Take a close look at section 17.2 of the cited book: it covers this, as well as 17.5, which talks about why you need to touch ALL the lambdas in the source program, so that the higher-order case works too.
As another example of the transform, applied for a higher-order case, let's say that we have:
(define (twice f)
(lambda (x)
(f (f x))))
Then the translation of something like this is:
(define (twice/k f k1)
(k1 (lambda ...)))
... because that lambda's just a value that can be passed to k1. But of course, the translation needs to run through the lambda as well.
We must first do the inner call to f with x (and remember that all non-primitive function applications need to pass an appropriate "what-to-do-next!"):
(define (twice/k f k1)
(k1 (lambda (x k2)
(f x (lambda (fx-val)
...)))))
... take that value and apply it again to f...
(define (twice/k f k1)
(k1 (lambda (x k2)
(f x (lambda (fx-val)
(f fx-val ...))))))
... and finally return that value to k2:
(define (twice/k f k1)
(k1 (lambda (x k2)
(f x (lambda (fx-val)
(f fx-val k2))))))
;; test. Essentially, ((twice square) 7)
(define (square/k x k) (k (* x x)))
(twice/k square/k
(lambda (squaresquare)
(squaresquare 7
(lambda (seven^4)
(display seven^4)
(newline)))))
You need to choose to what level you need/want to CPS-transform.

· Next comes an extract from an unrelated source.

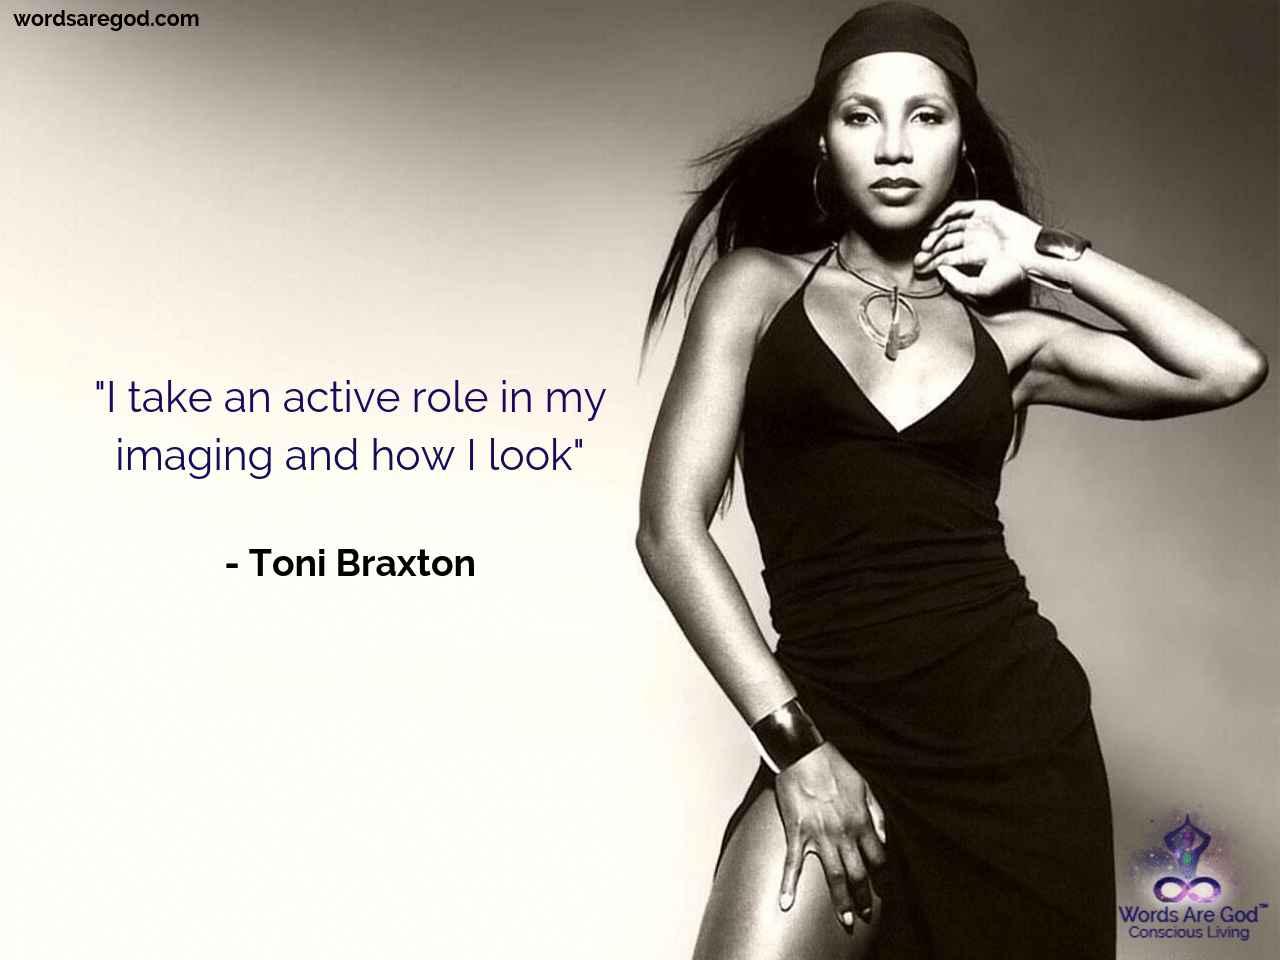 Toni Braxton Music Quote by Toni Braxton

If you just want (lambda (x y) ((x x) y)) in continuation-passing(CP) style, then (lambda (k x y) (k ((x x) y))) will do fine.
If you want its arguments to be treated as being in CP style too, then you need a little more.

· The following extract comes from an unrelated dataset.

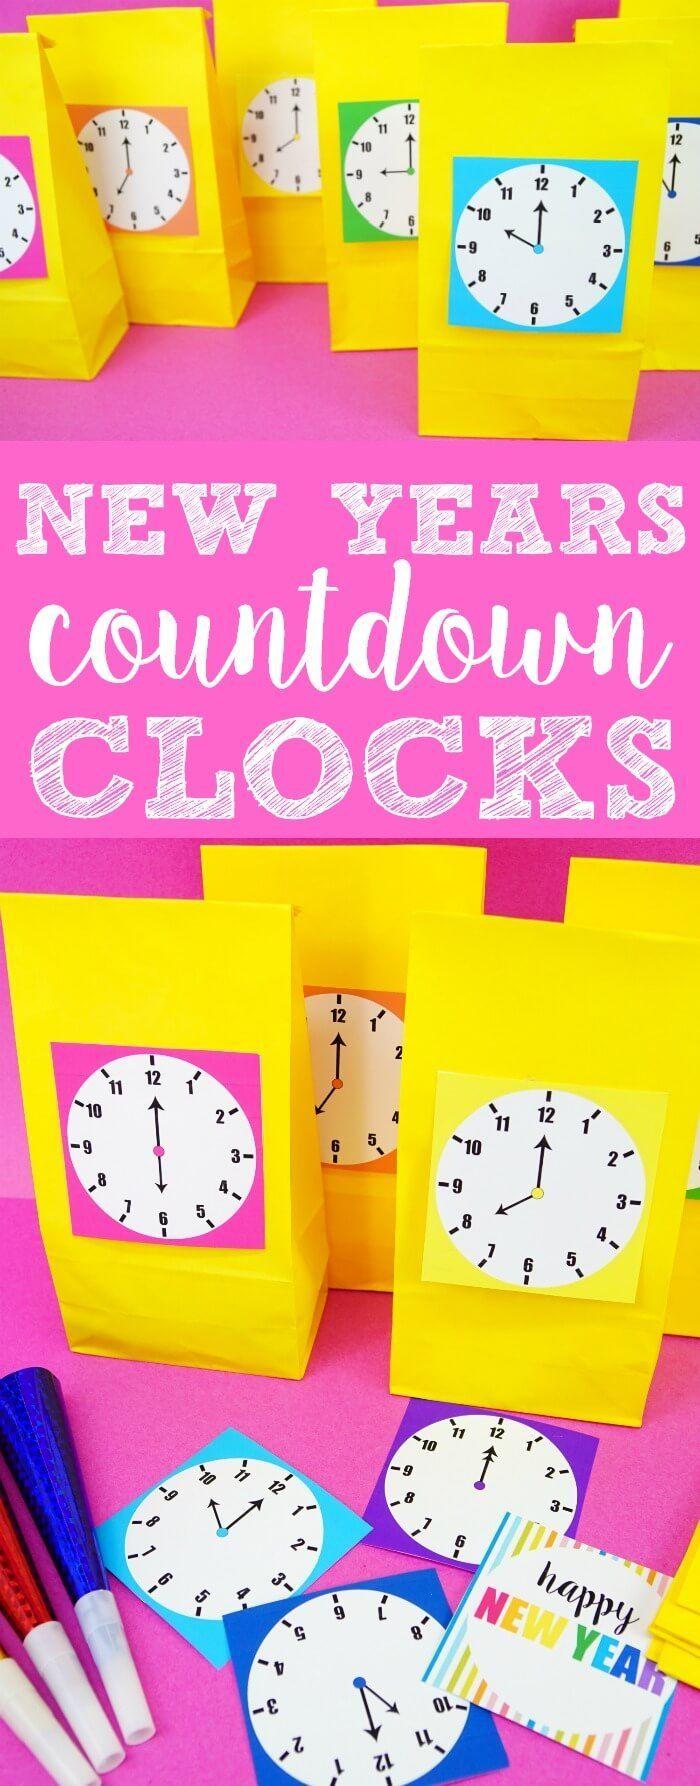 New Years Countdown Clock Online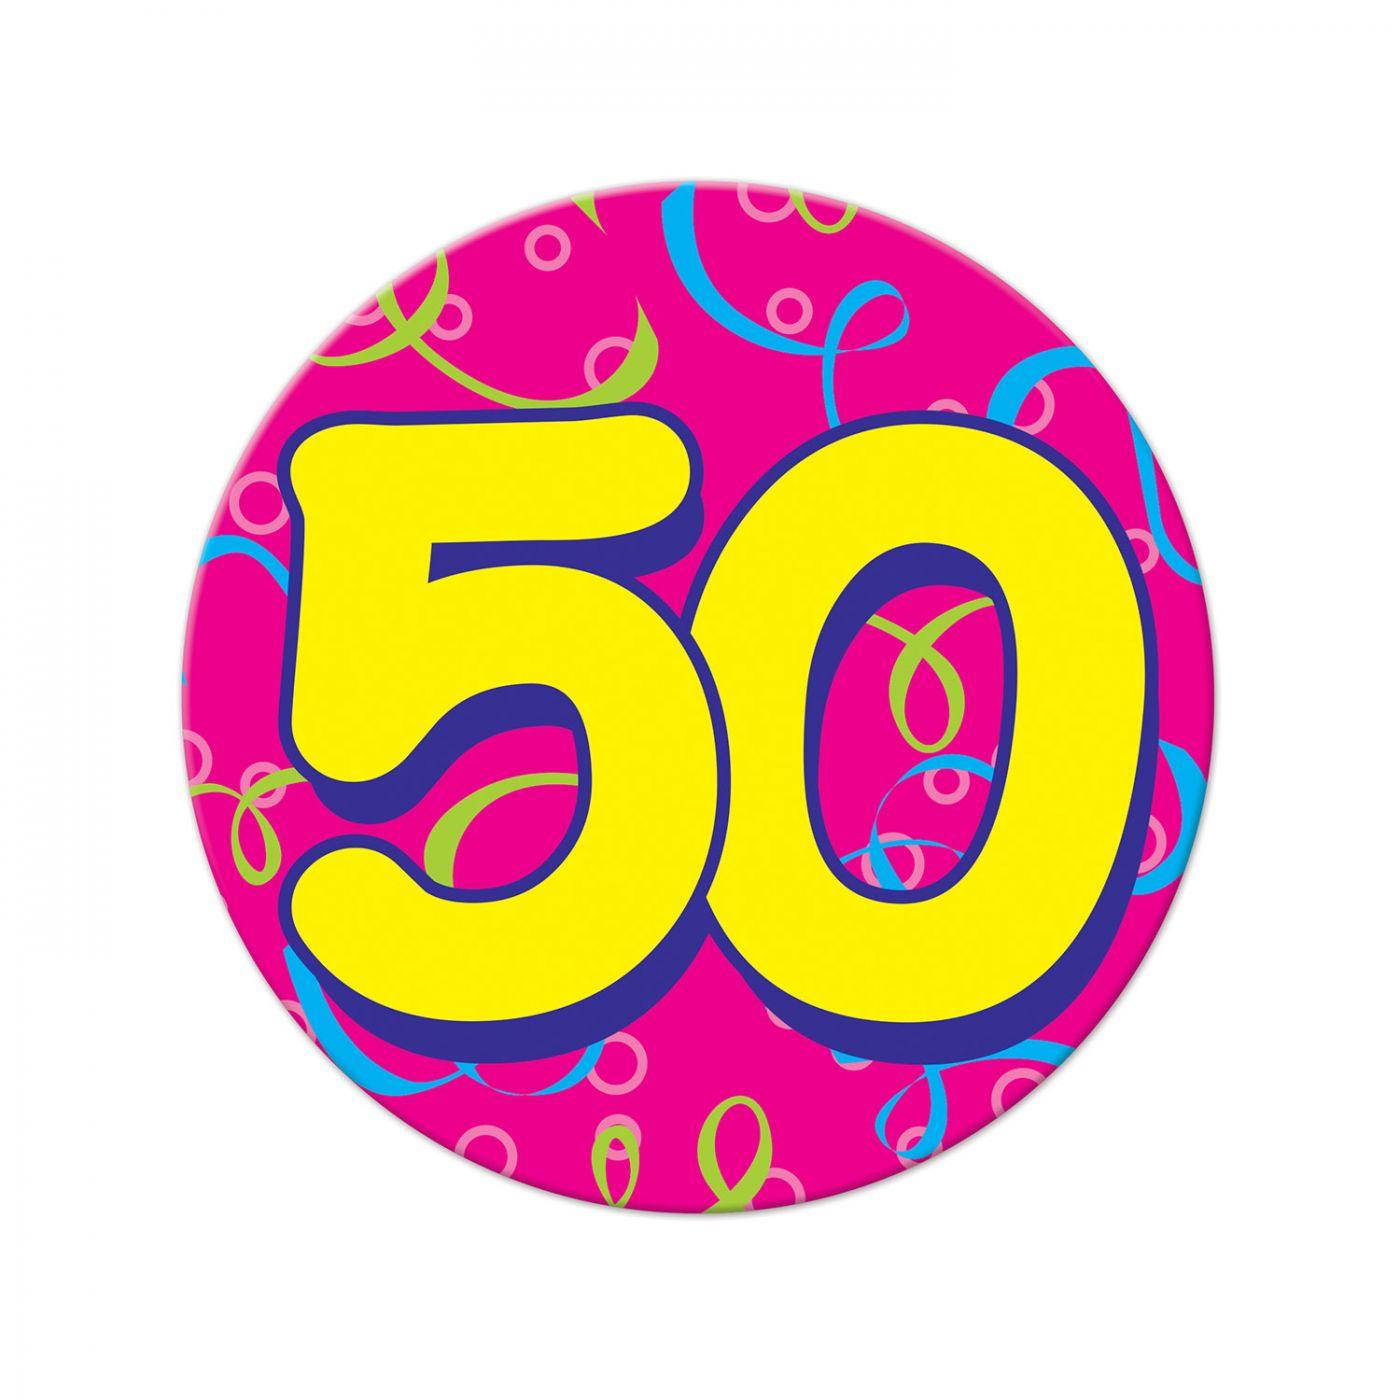 Jumbo  50  Button image

Suppose first that only the second argument (y) is in CP form and is thus really something like (lambda (k) (k y0)) and so needs to be called with some continuation to extract its value, then you would need:
(lambda (k x y)
(y (lambda (y0) (k ((x x) y0)) )) )
Finally assume that both x and y are in CP style. Then you would need something like:
(lambda (k x y)
(x (lambda (x0)
(x (lambda (x1)
(y (lambda (y0)
(k ((x0 x1) y0)) ))))
Here you have the freedom to reorder the calls to x and y. Or maybe you only need one call to x, because you know its value does not depend on the continuation it is called with. For example:
(lambda (k x y)
(y (lambda (y0)
(x (lambda (x0)
(k ((x0 x0) y0)) ))))
The other expressions you asked about can be transformed similarly.